Take the lines from the one with "1920s Style Hats" to the end of the listing, both ends included, and quote them exactly, leaving pictures out.
--- INFORMATION SHOWN Enclosed Below ---
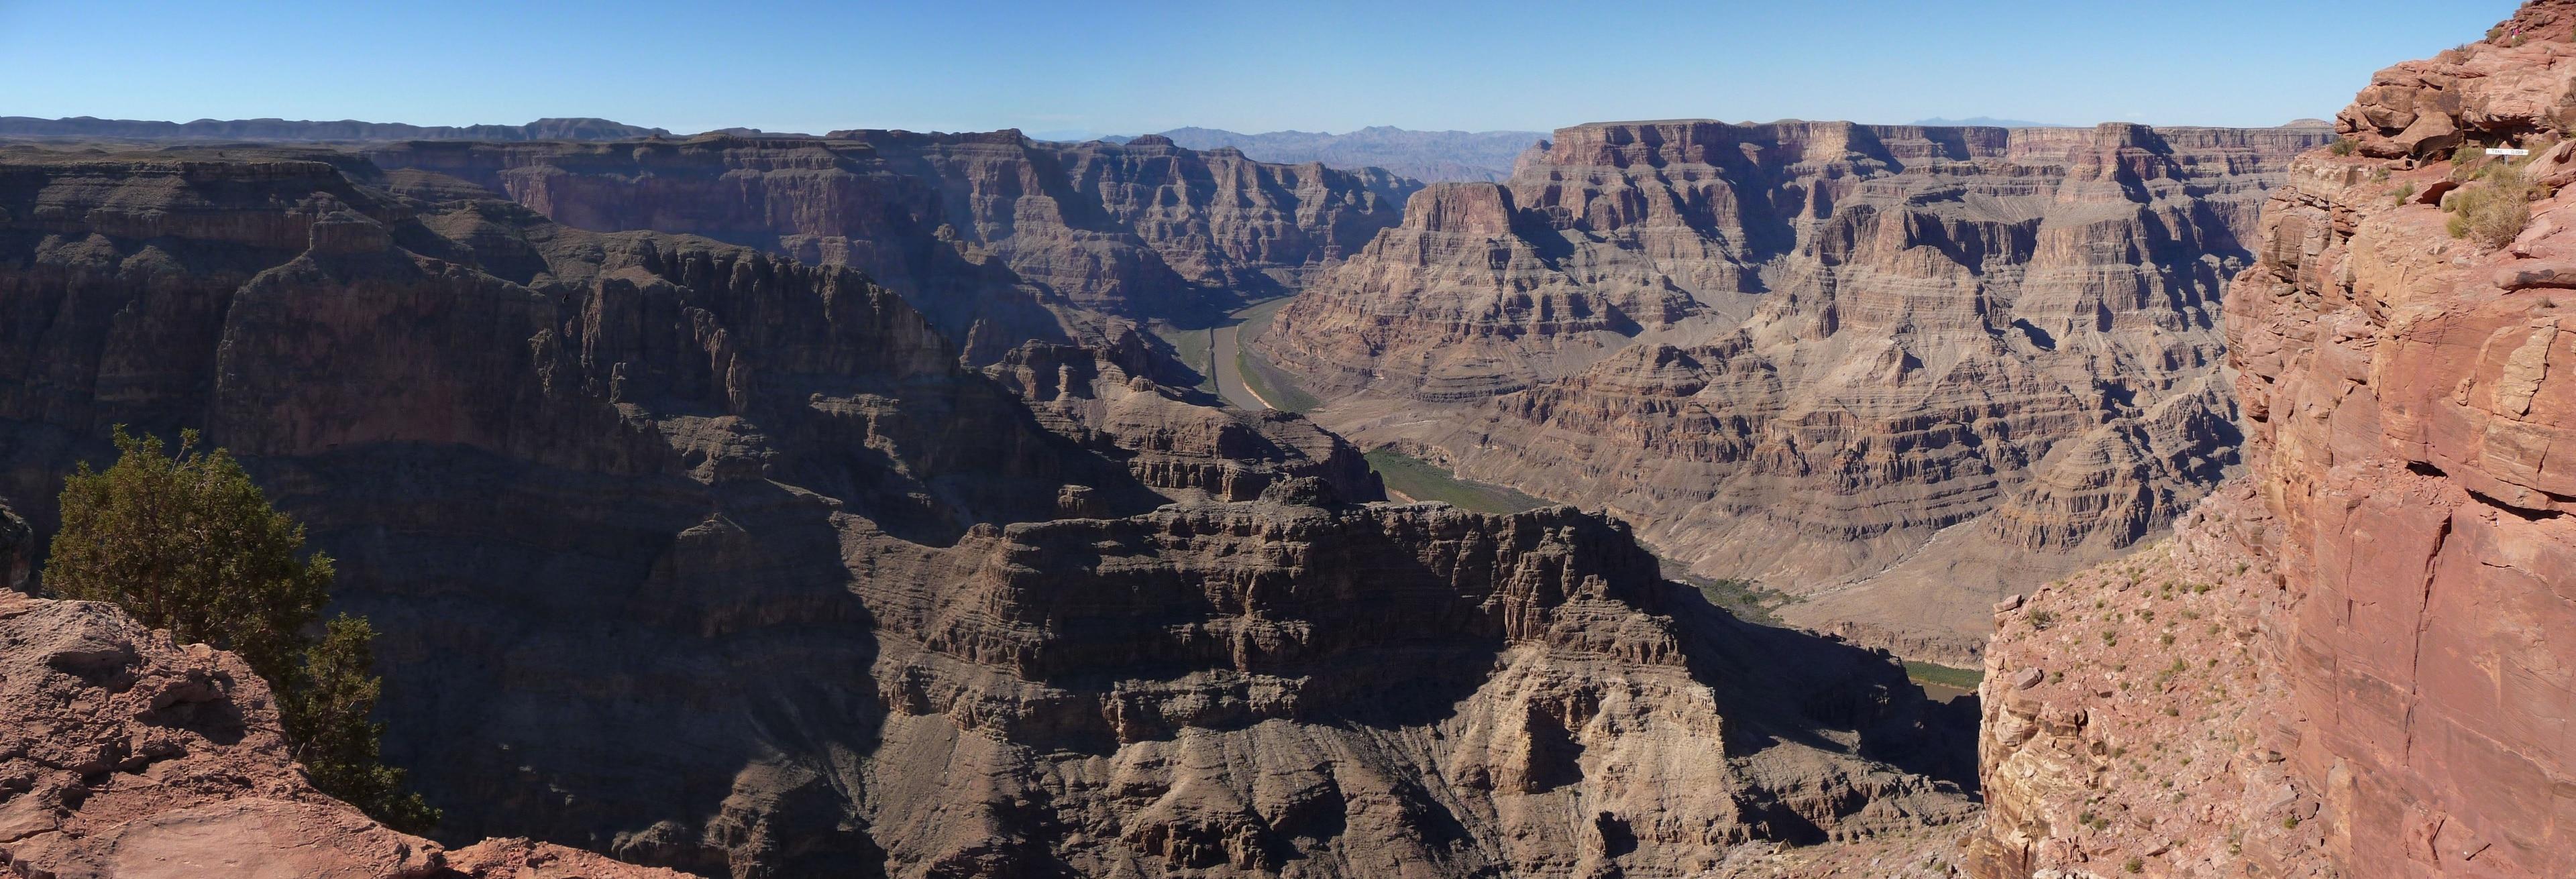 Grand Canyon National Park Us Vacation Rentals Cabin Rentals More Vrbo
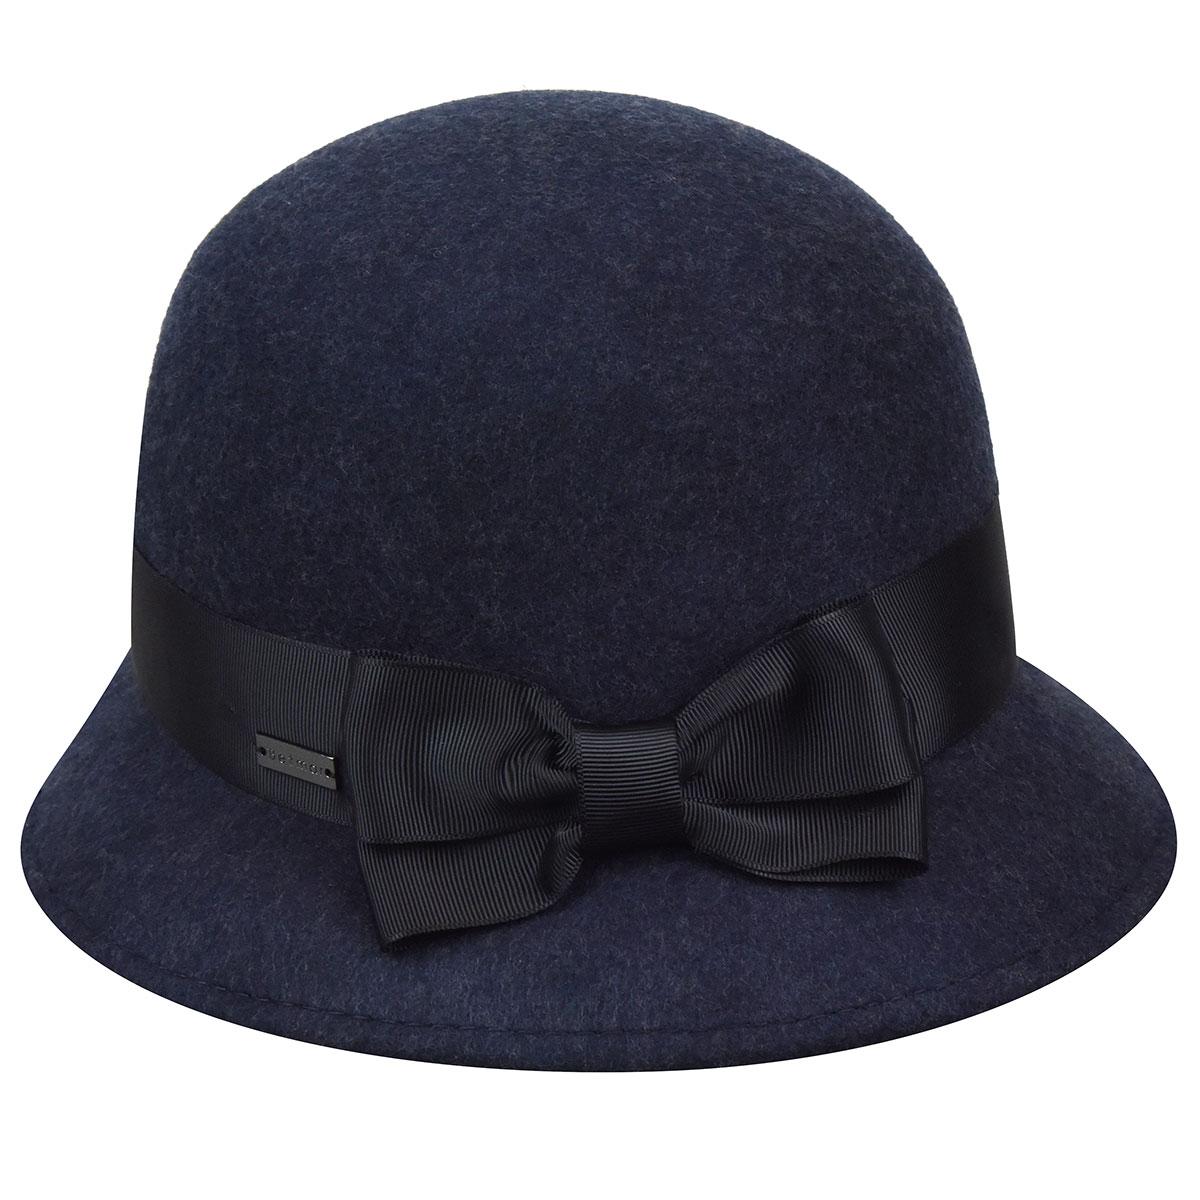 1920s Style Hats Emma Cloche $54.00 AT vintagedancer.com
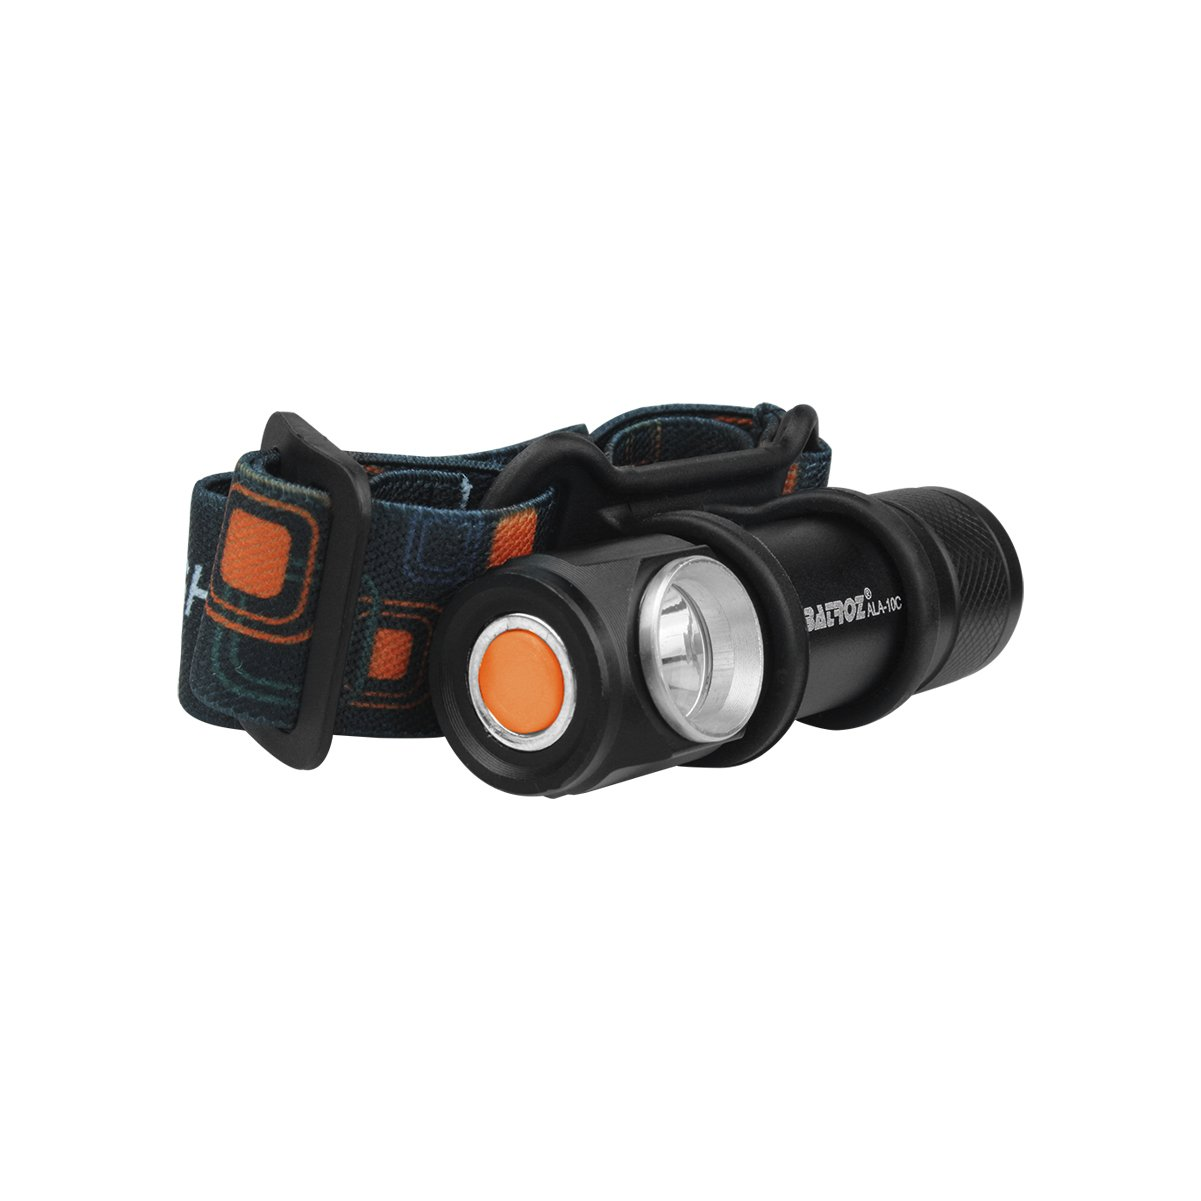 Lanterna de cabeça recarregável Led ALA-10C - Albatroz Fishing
--- End of Enclosed INFORMATION SHOWN ---
> [RESPONSE AREA]
 1920s Style Hats Emma Cloche $54.00 AT vintagedancer.com
 Lanterna de cabeça recarregável Led ALA-10C - Albatroz Fishing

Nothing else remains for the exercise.